Output the data below exactly, without images.

▶ SOURCE DATA:
----

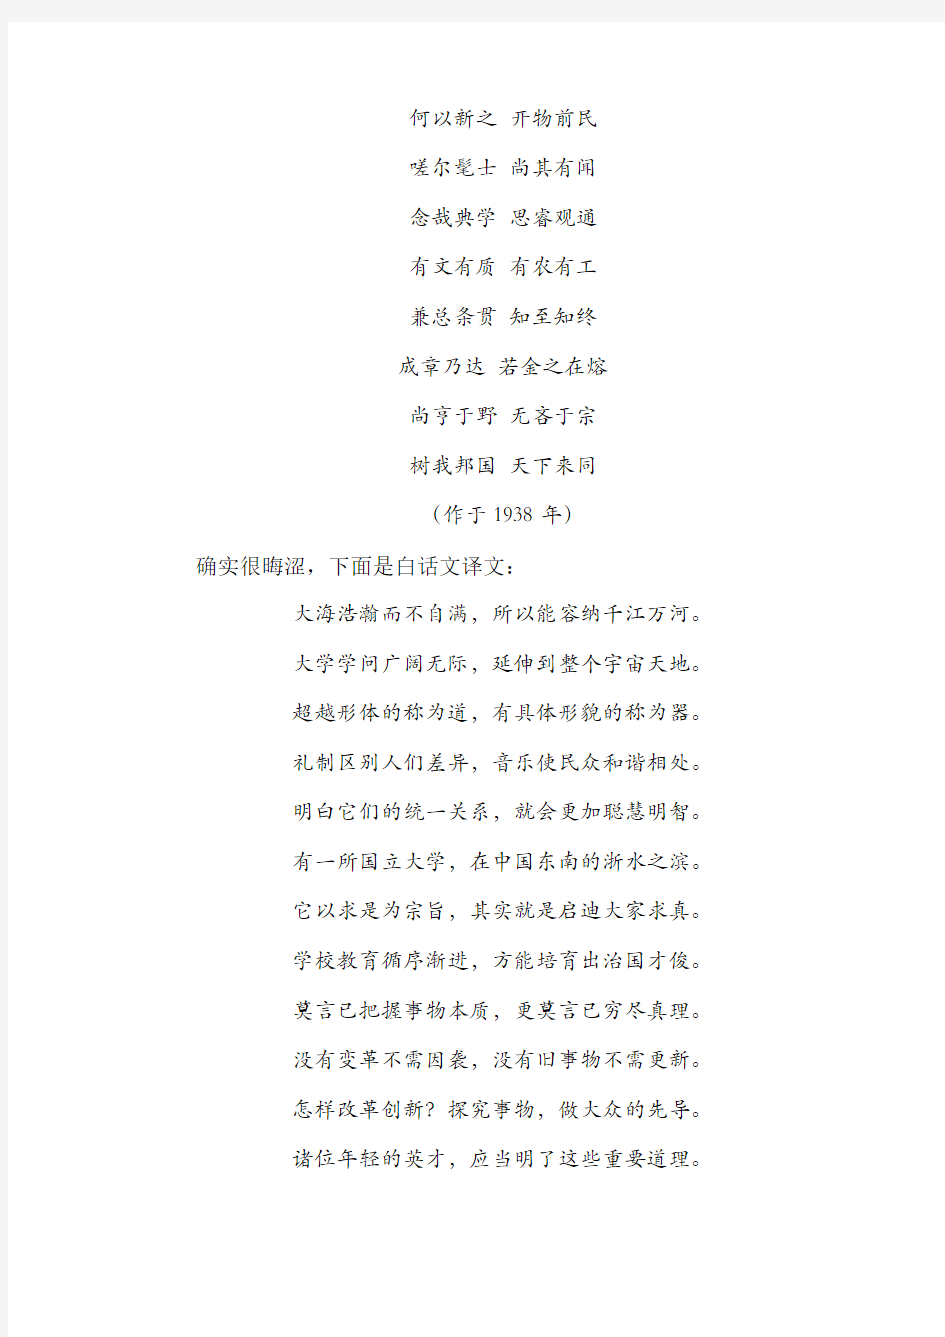 中国大学古典校歌的启示
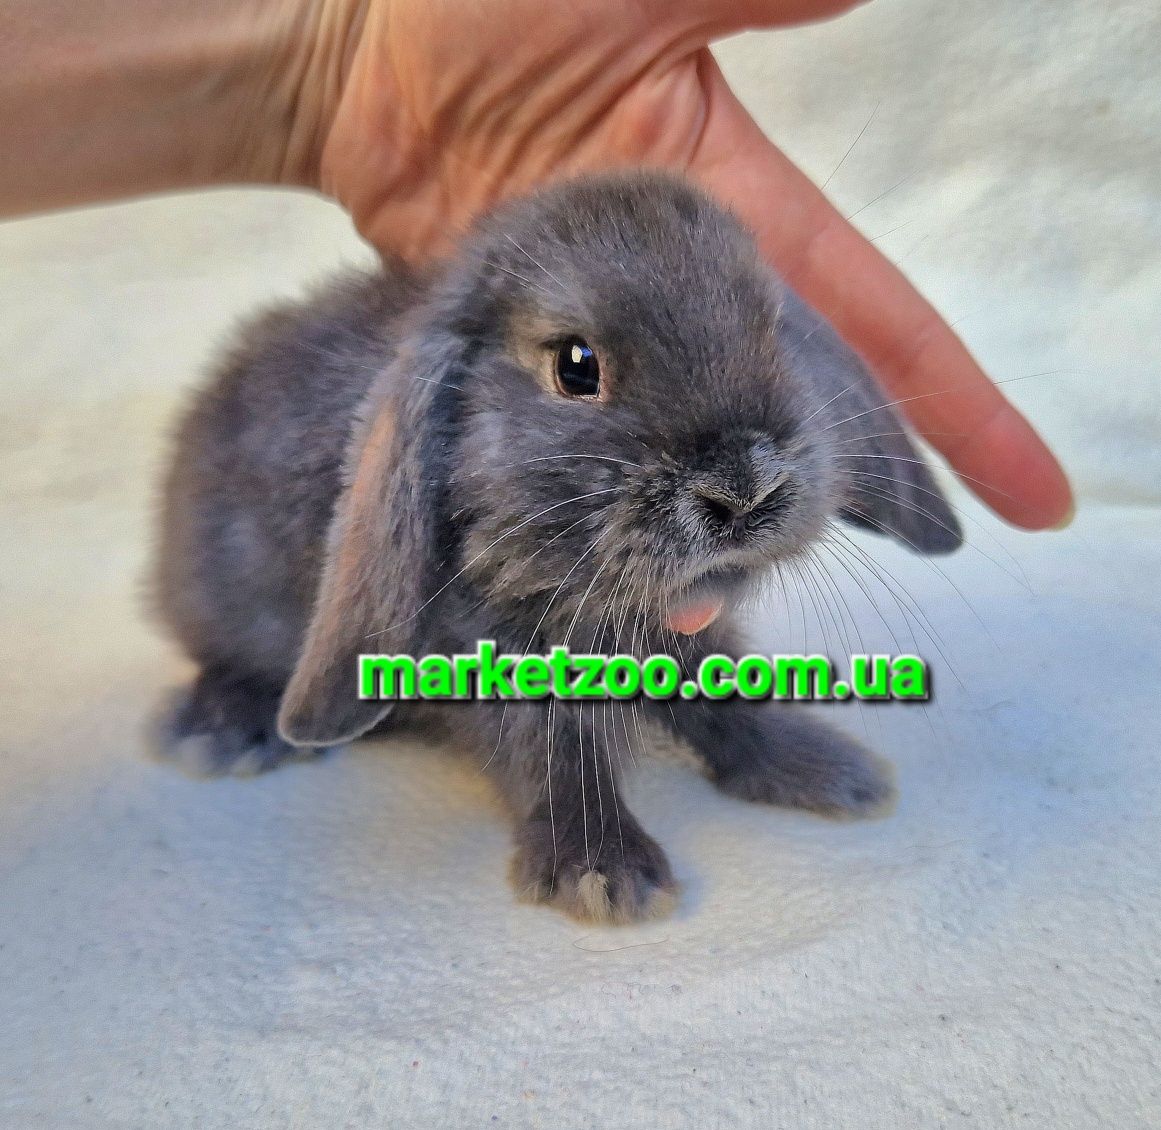 Мини кролик вислоухий баранчик mini lop голубой карликовые кролики
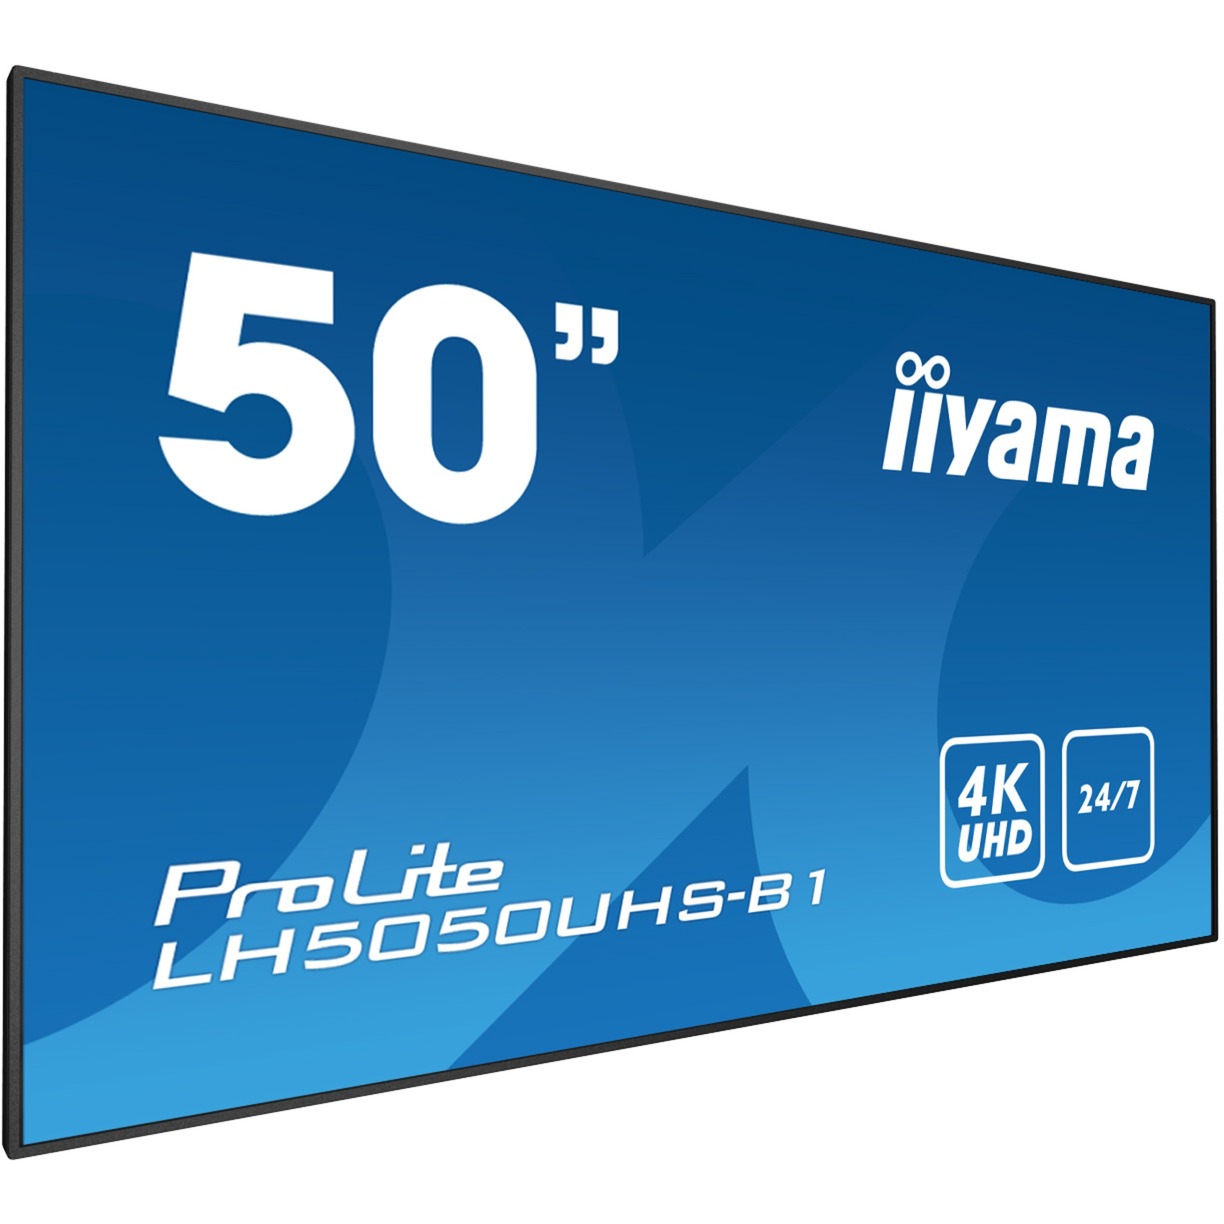 LH5050UHS-B1 wyświetlacz znaków 127 cm (50") LED (Dioda elektroluminescencyjna) 4K Ultra HD Video wall Czarny
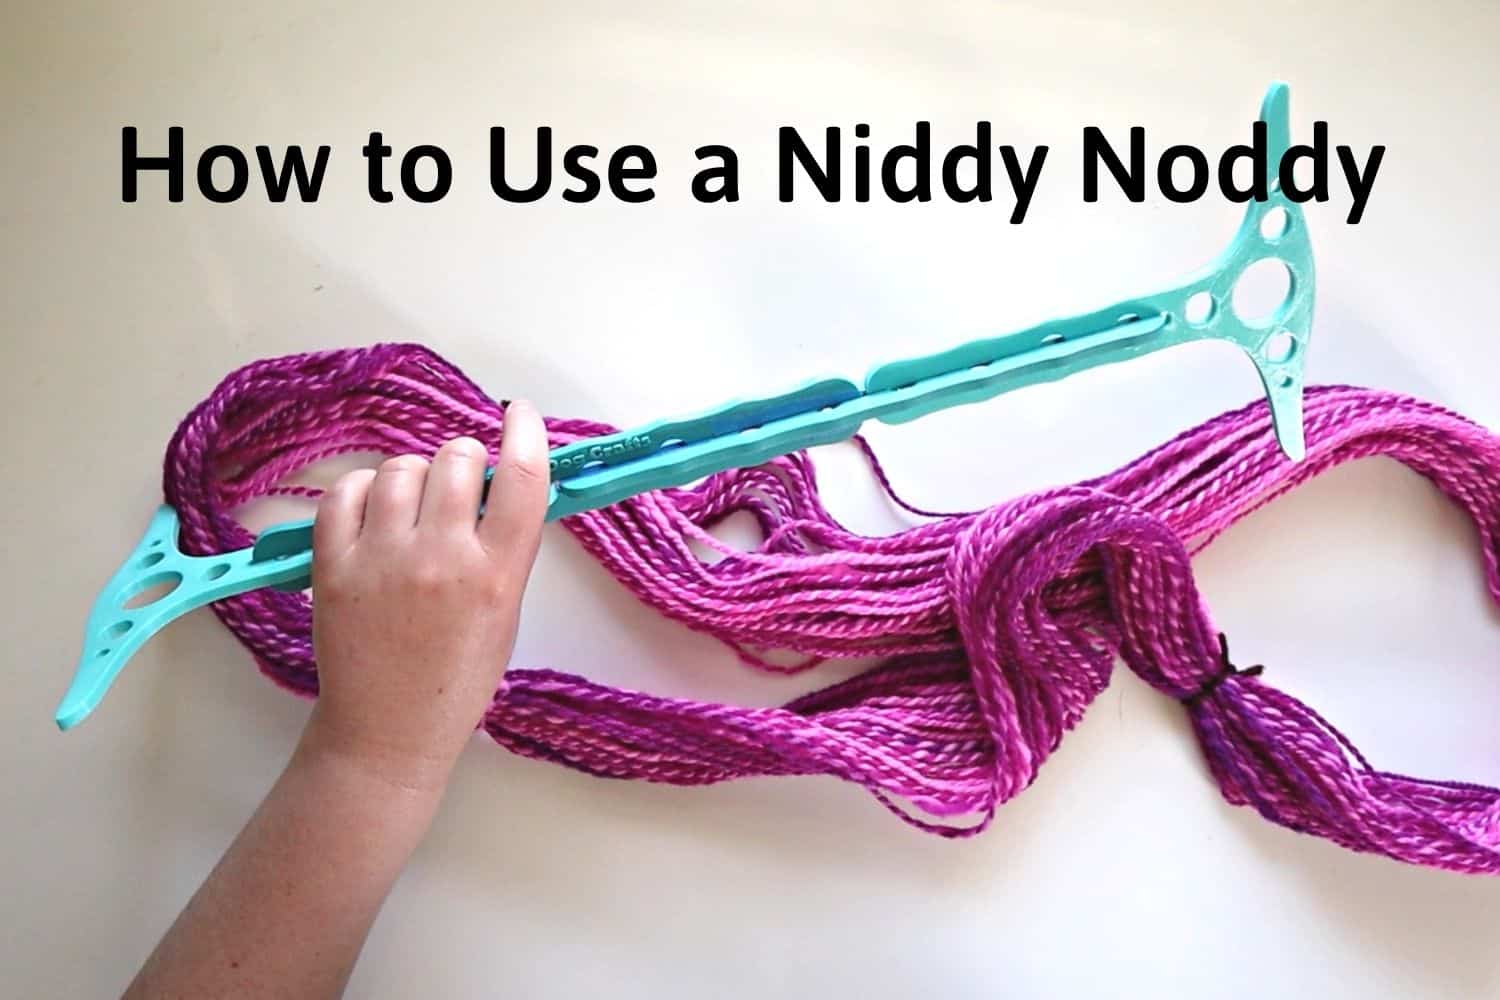 What's a Niddy Noddy

----

▶ SOLUTION FOR THIS PROBLEM:
 中国大学古典校歌的启示
 Мини кролик вислоухий баранчик mini lop голубой карликовые кролики
 LH5050UHS-B1 wyświetlacz znaków 127 cm (50") LED (Dioda elektroluminescencyjna) 4K Ultra HD Video wall Czarny
 What's a Niddy Noddy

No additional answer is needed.